The sheer number of objects that need to be loaded can overwhelm the development team, either leading to increased costs as a result of team expansion or failure to reap the benefits of building a lake by not consuming sources fast enough to match the requirements of the business. Another risk is that due to the volume of work required, shortcuts are often taken that are difficult to detect and costly to rectify when discovered.
Data Lake Zones
Most Data Lakes are spilt into zones that allow for data to be augmented, partitioned and tagged per requirement. There are several possibilities. This is a typical configuration:
However, as privacy regulations drive the need for transparent control of PII elements coupled with other requirements such as legal entity separation, this can lead to a more complicated design.
How a metadata driven approach can accelerate development
As with any Enterprise Data Management (EDM) project, a well-structured Data Lake requires a robust development approach and methodology. At EXL, our approach is encapsulated in our Intelligent Data Factory (IDF) methodology.
IDF couples best-in-class EDM capabilities with analytics excellence. These are aligned to corporate business goals with a focus on cost-effectiveness, risk reduction and program longevity. A core component of IDF is to ensure that the architecture and implementation typically leads to the use of the EXL data engineering framework.

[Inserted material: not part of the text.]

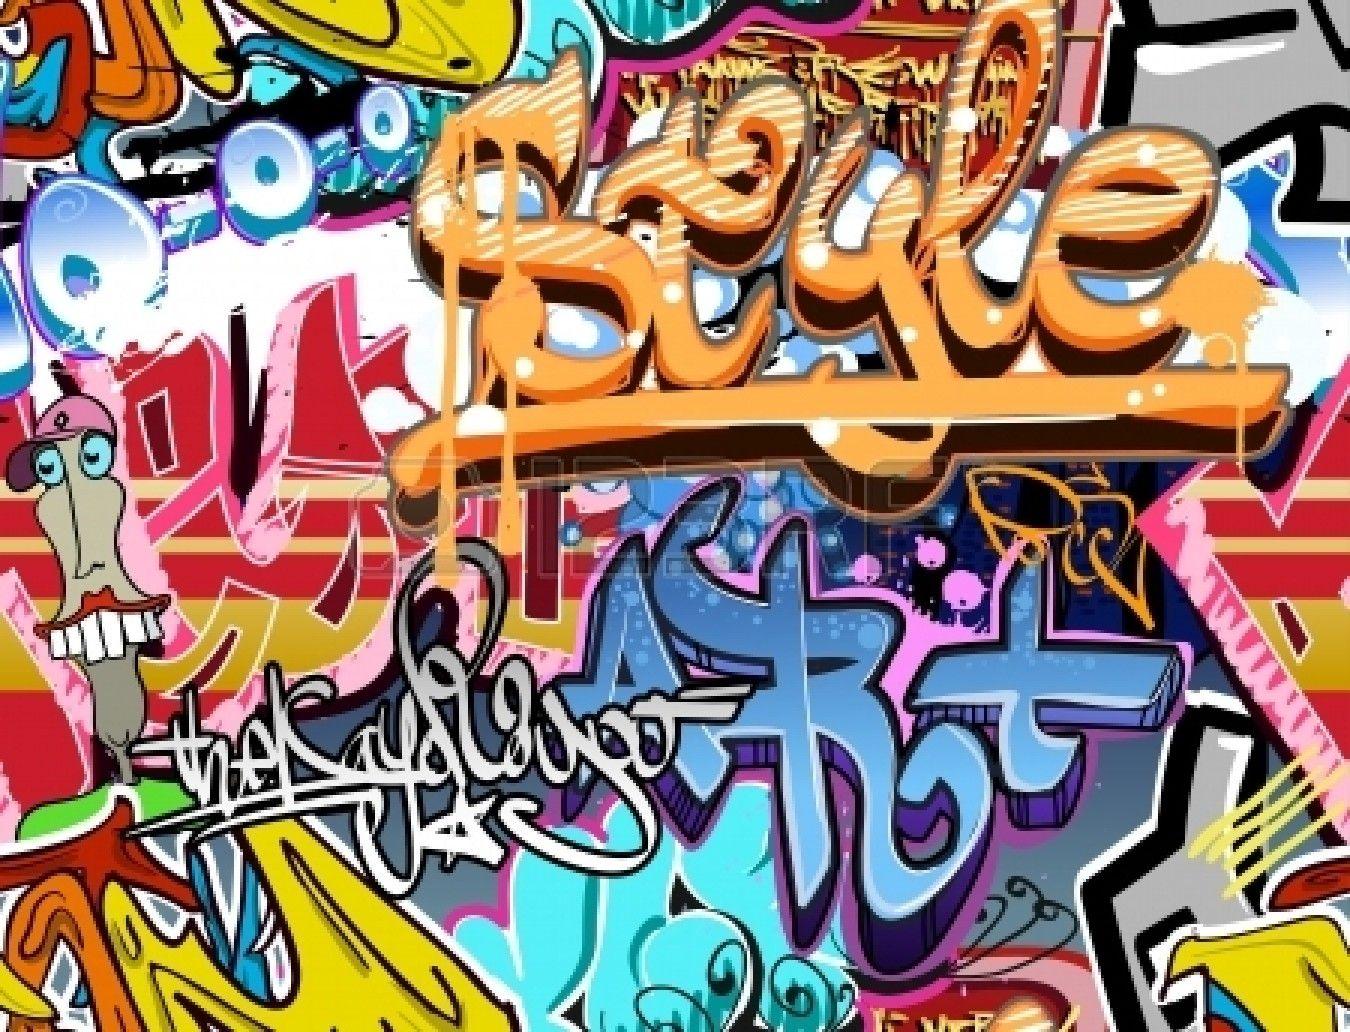 Graffiti wall decal - Graffiti Wall Urban Art Vector Background Seamless Hip Hop Texture

The data engineering framework is made up of a set of reusable modules. New modules can be added anytime. This design removes the interdependency between functional modules, increases reusability and allows simpler recoverability in the event of failure.
A core component of the framework is metadata repository. This contains the following components:
- Sources- These need to be captured and will supply data to the platform. This will include details such as their name, type and connection details.
- Entities- There are entities for each source, where the details of each source will be stored. Metadata contained here includes the name, type, structure, location details and sequence. In addition to this, extra computed, defaults and calculated columns are stored. These will be required where the input structure doesn’t match the output and additional columns need to be created and populated.
- Phases- These are the foundation of the data ingestion pipeline and should be used to tie together the activities of data processing. The number of phases is configurable based on the number of zones the data needs to be moved through and the requirements.
- Processing- This activity refers to the processing of data within or onto the next phase of the data ingestion pipeline. They form activities, with a priority attached.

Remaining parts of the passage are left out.